Monday, October 2, 2017

MUSIC REVIEW OF THE DAY: GRAND FUNK RAILROAD - TRUCK OF FUNK VOL. 1 & 2

For a great big '70's band, one with an armload of gold and platinum albums and two #1 hits, Grand Funk Railroad don't get much respect these days. Actually, they didn't get much respect when they were topping the charts and filling the halls either. Important critics of the day hated them, and they've never overcome that. They're not in the Rock and Roll Hall of Fame, for instance, but I bet almost everybody knows "We're An American Band."

These stuffed boxed sets probably won't change that perception, but they'll please a particular era of hard rockin' fans when music first moved into hockey rinks. They are called Trunk of Funk Vol.1 and 2, and feature the first 12 of the group's albums, up to the time they were dying out. They include a batch of non-album cuts, unedited takes and live versions, beefing all the originals up to an hour or more in length. Funk fans will know there were two distinct eras for the group, the hard-driving, power trio heavy blues-rock start, and then the much cleaner, Top 40 era, when the band dropped the Railroad from the name, and added a keyboard player.

The earliest work hasn't dated all that well, with the group struggling to find their own voice in the Cream/Hendrix mode. What they add eventually was in the name all the time, a bit of funk and some basic boogie. They became big favourites live, and on the third album, Closer To Home, developed a rep for some heavy lyrics as well. An edited version of the title cut became their first radio hit, and fit in with the anti-Vietnam war movement. That mix of heaviness and party tunes took off with Live Album, which went double platinum in 1970. Two more albums followed in 1971, Survival and E Pluribus Funk, which featured the hit Footstompin' Music, which had the kids rockin'. All that hard work, six albums in three years, was paying off big-time.

The band decided to go for a bigger sound by adding keyboardist Craig Frost at that time, but more importantly, they found out their longtime manager Terry Knight was taking most of their money, so he was let go. A new direction was called for, and in came a top gun in producer Todd Rundgren, for We're An American Band. Another changed was drummer Don Brewer's increased role. He sang that hit, which used to be the sole job of guitarist Mark Farner, and also was allowed to write several of the cuts, alone or with Farner. It was almost a whole new group. Some purists prefer the louder, looser version of the band, but really they were making better albums now, and that was reflected in the charts. Shinin' On brought them another huge success, and featured their surprise hit cover of the oldie The Loco-motion. Then came Some Kind Of Wonderful, and the excellent but soft rocker Bad Time.

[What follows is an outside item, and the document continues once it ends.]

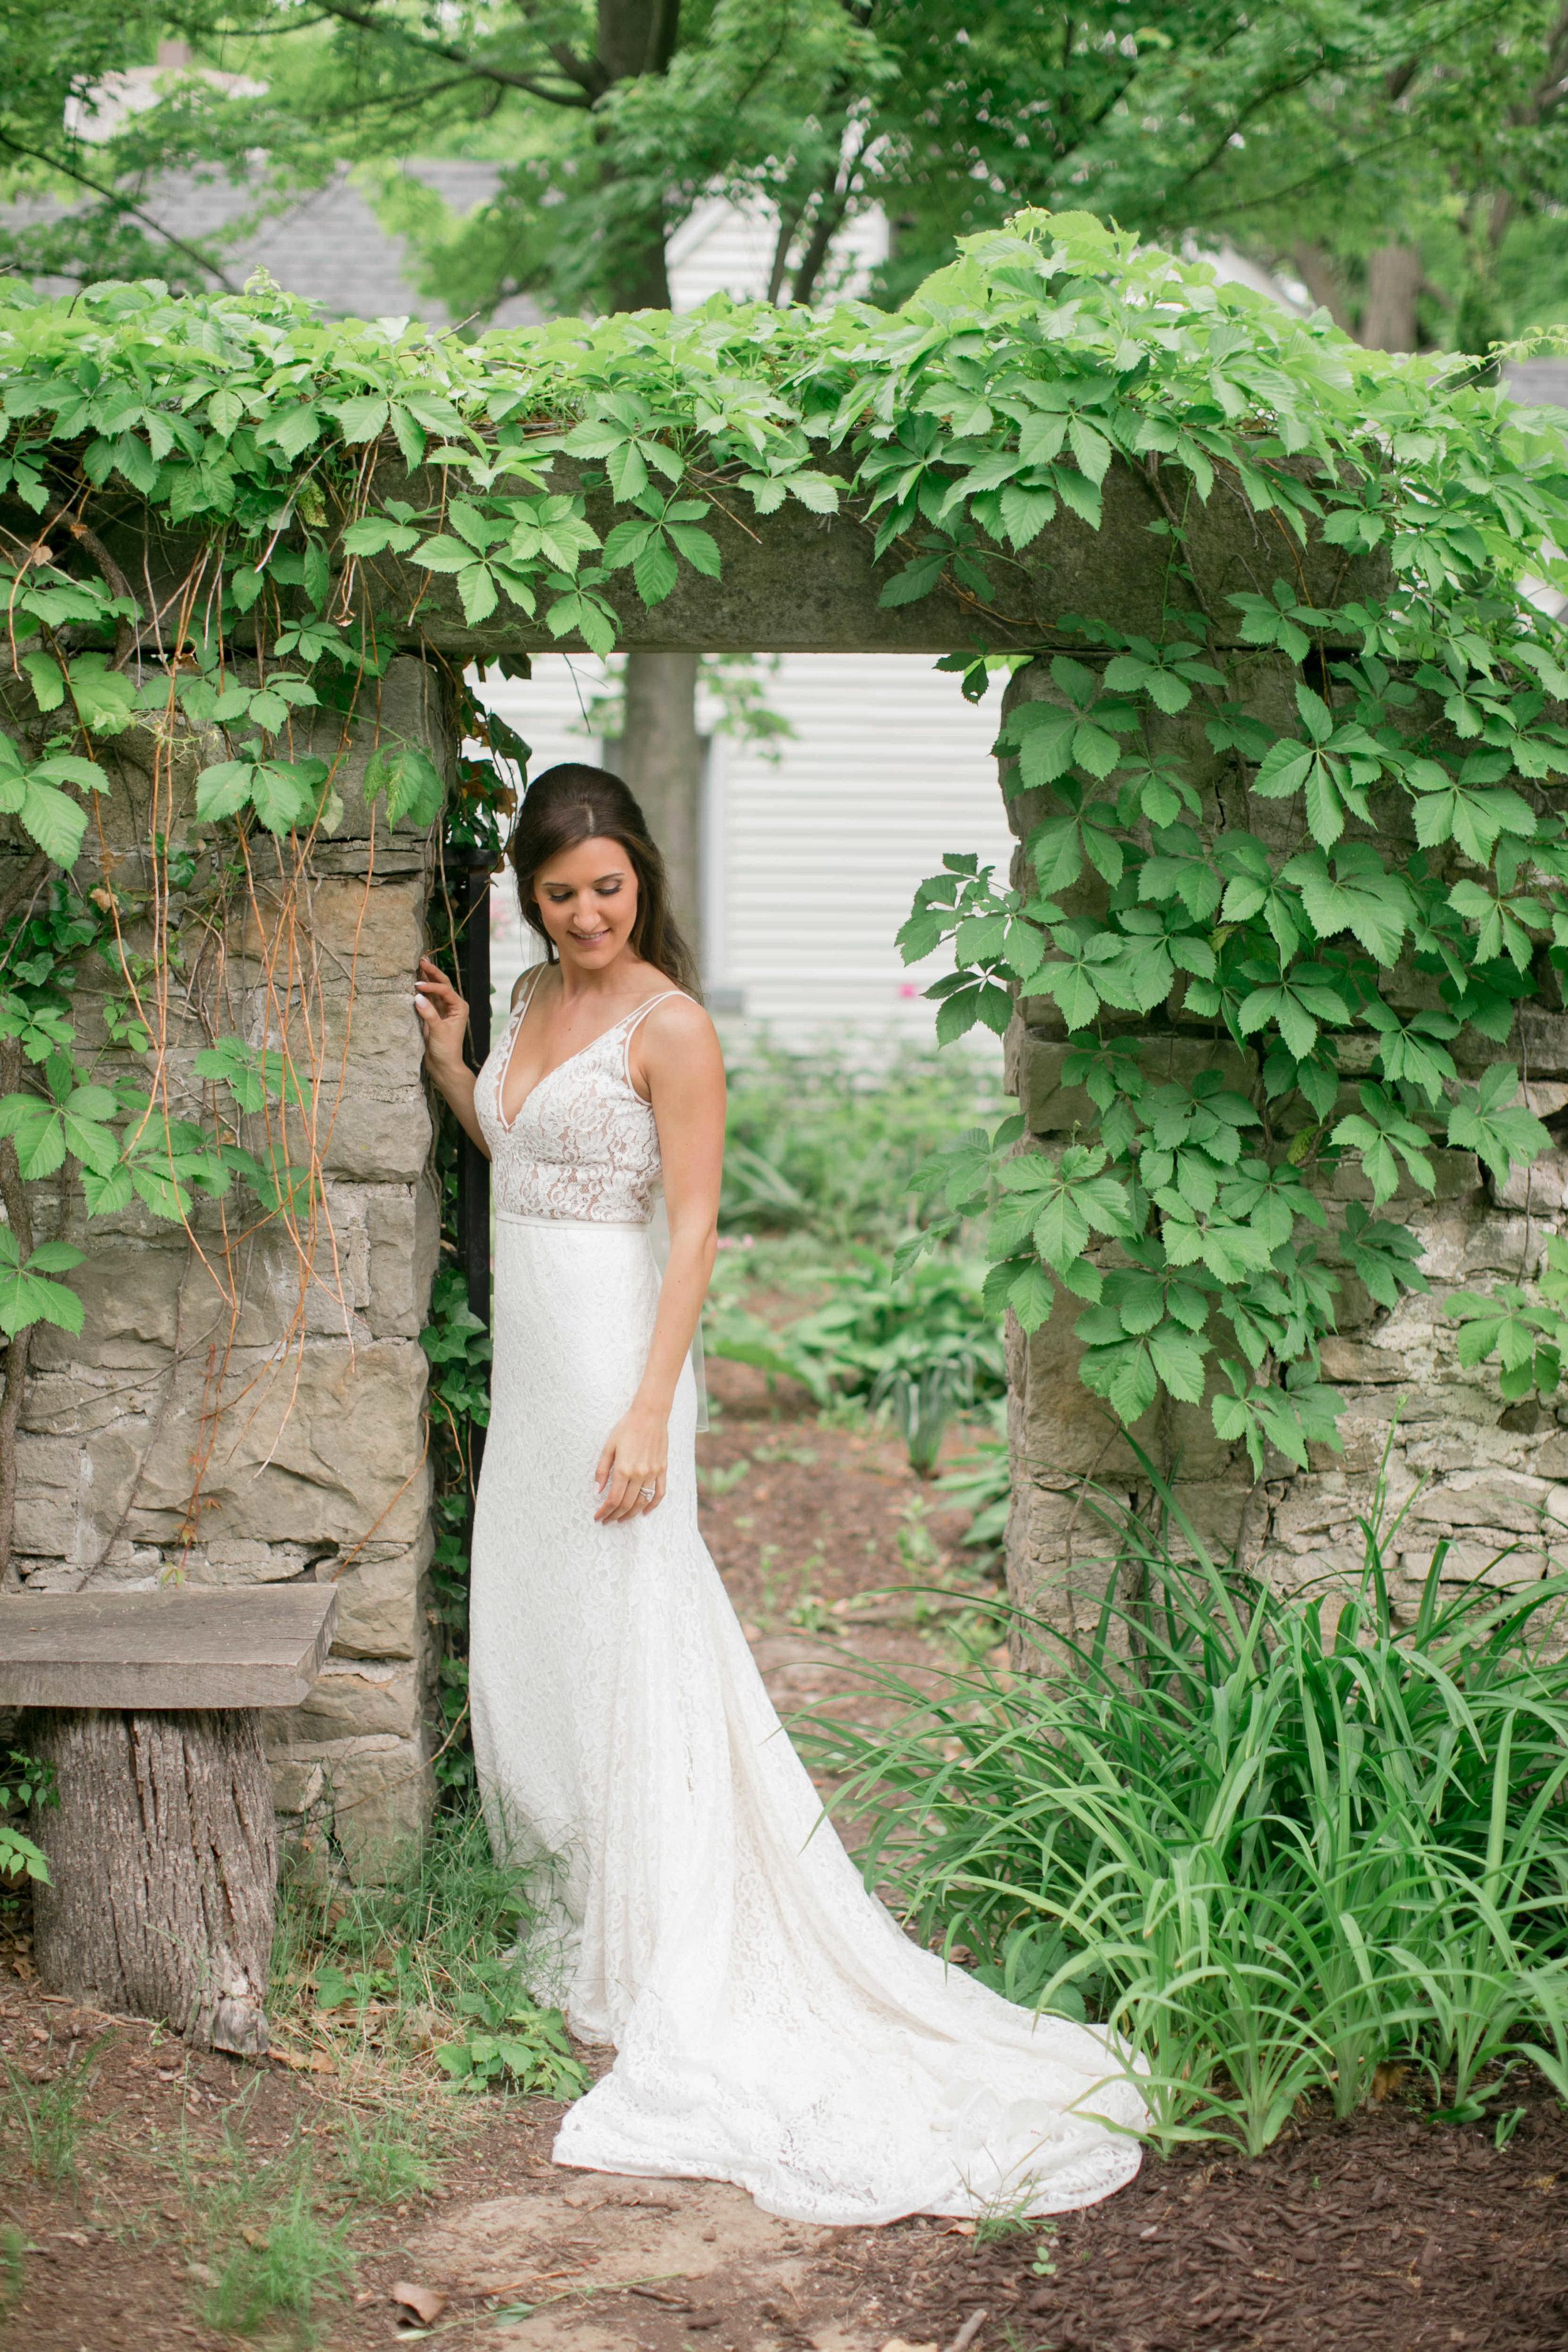 Miranda___Daniel___Daniel_Ricci_Weddings___High_Res._Finals_424.jpg

But the group was disintegrating, and they had lost their core hard rock audience. Pop fans are more fickle, and when the ho-hum Born To Die in 1976 did just that, without any hits, the group was ready to wrap it up. That's where the second box ends, although interestingly they did regroup later that year for the chance to make a final album with Frank Zappa producing, which isn't included here and wouldn't add much anyway. Various reunions and even a couple of new albums were done in the '80's, and a version without Farner and Frost has kept touring, but the confusing history of the band has kept them from being remembered with the greats.